Deleting elements from a vector in a loop
The first problem to discuss is erasing elements from a container, such as std::vector
, in a loop. Our code looked similar to the following, simplified snippet:
int main() { std::vector<int> data{ 1,1,2,3,5,8,13,21,34,55 }; for (auto it = data.begin(); it != data.end();) { /* do something with *it */ if (*it % 2 == 0) { data.erase(it); } else { ++it; } } for (auto const& e : data) std::cout << e << '\n'; }
Here, we have a vector containing data and a loop where each element of the vector is checked to match some condition and those who do are removed from the container. Can you spot the problem?
To remove an element, we use std::vector::erase. This removes the element at the specified position and invalidates the iterators and references at or after the point of the erase, including the end()
iterator. What happens is that when an element is removed, the iterator is not incremented, so the next loop will process the element that was just removed. And that’s not going to end well.
The fix is pretty simple: assigned the value returned by erase()
, which is the iterator following the removed element, to the it
variable.
it = data.erase(it);
That’s the fix. But can we do better? Yes, we can use a generic algorithm to remove all the elements that we want. For this purpose, we can use std::remove_if. We can replace the for loop from above with the following:
data.erase(std::remove_if(data.begin(), data.end(), [](int const n) {return n % 2 == 0; }), data.end());
You should prefer using standard algorithms when possible because, in general, you’ll write less code and that code is less likely to be prone to bugs.

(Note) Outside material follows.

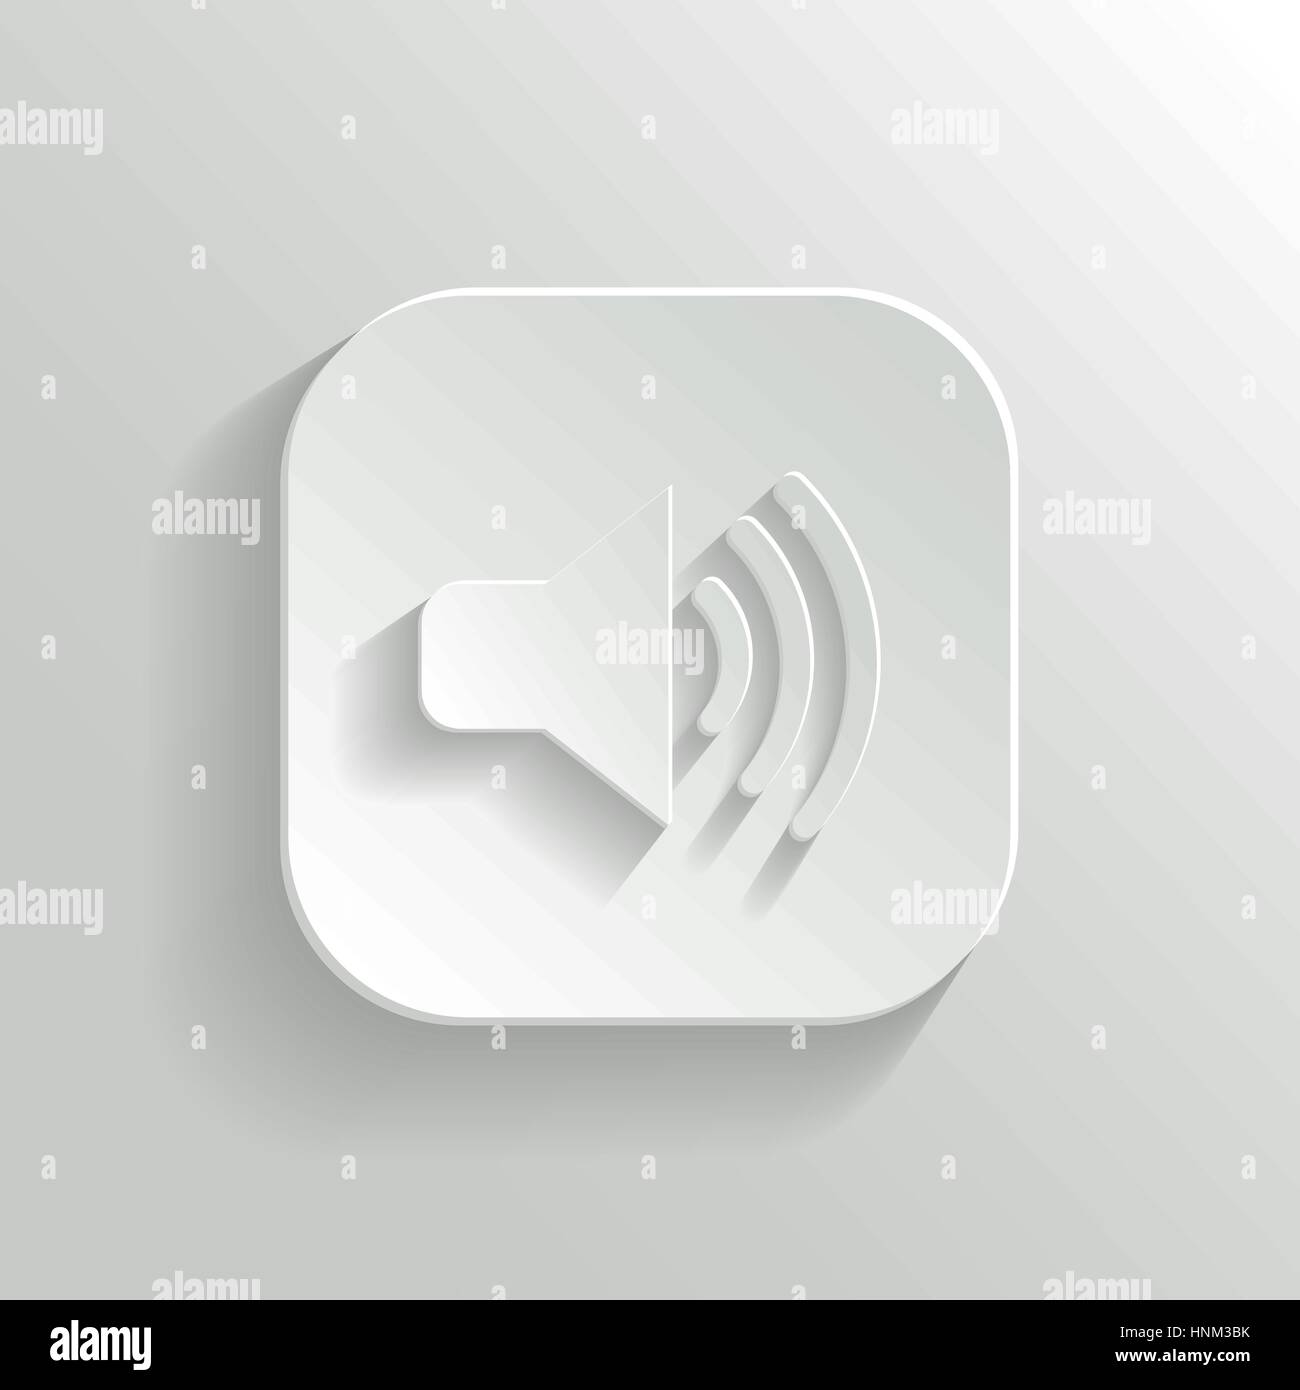 Lautsprecher-Symbol - Taste "Vektor weiße app" mit Schatten Stock Vektor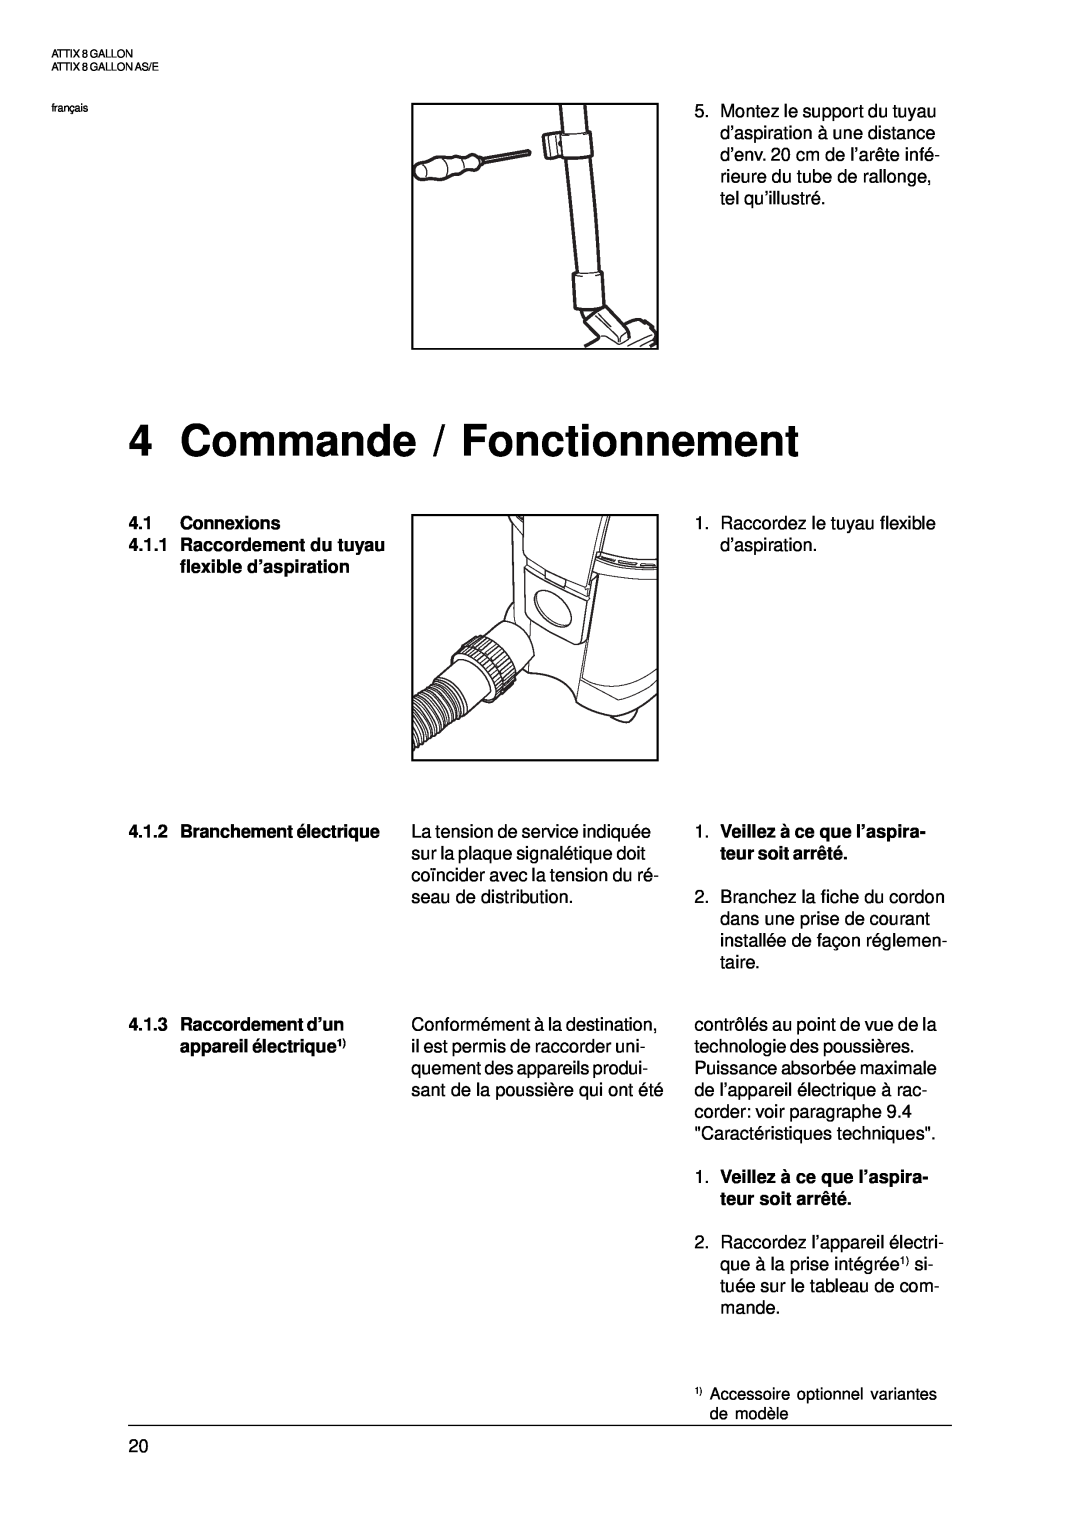 Nilfisk-ALTO 8 GALLON manual Commande / Fonctionnement, 4.1Connexions, 4.1.1Raccordement du tuyau flexible d’aspiration

Returning without releasing dynamically allocated memory
The second example I want to bring up is a memory leak that occurs in a function that allocates memory and then returns without releasing it. This can be exemplified with the following snippet:
void Process(int* ptr) { std::cout << *ptr << '\n'; delete ptr; } void Demo(int const limit) { int* ptr = new int(rand() % 100); if (*ptr > limit) { return; } Process(ptr); }
This may look silly, but imagine that instead of an int
there is a user-defined class and there are several checks on the object (or maybe related data) and in some cases the execution of the function should stop. Otherwise, the allocated object is passed to a function (that perhaps takes ownership of it). It only takes a little lack of attention (especially if this is an longer, more complex function) to forget to delete the allocated memory before returning from the function.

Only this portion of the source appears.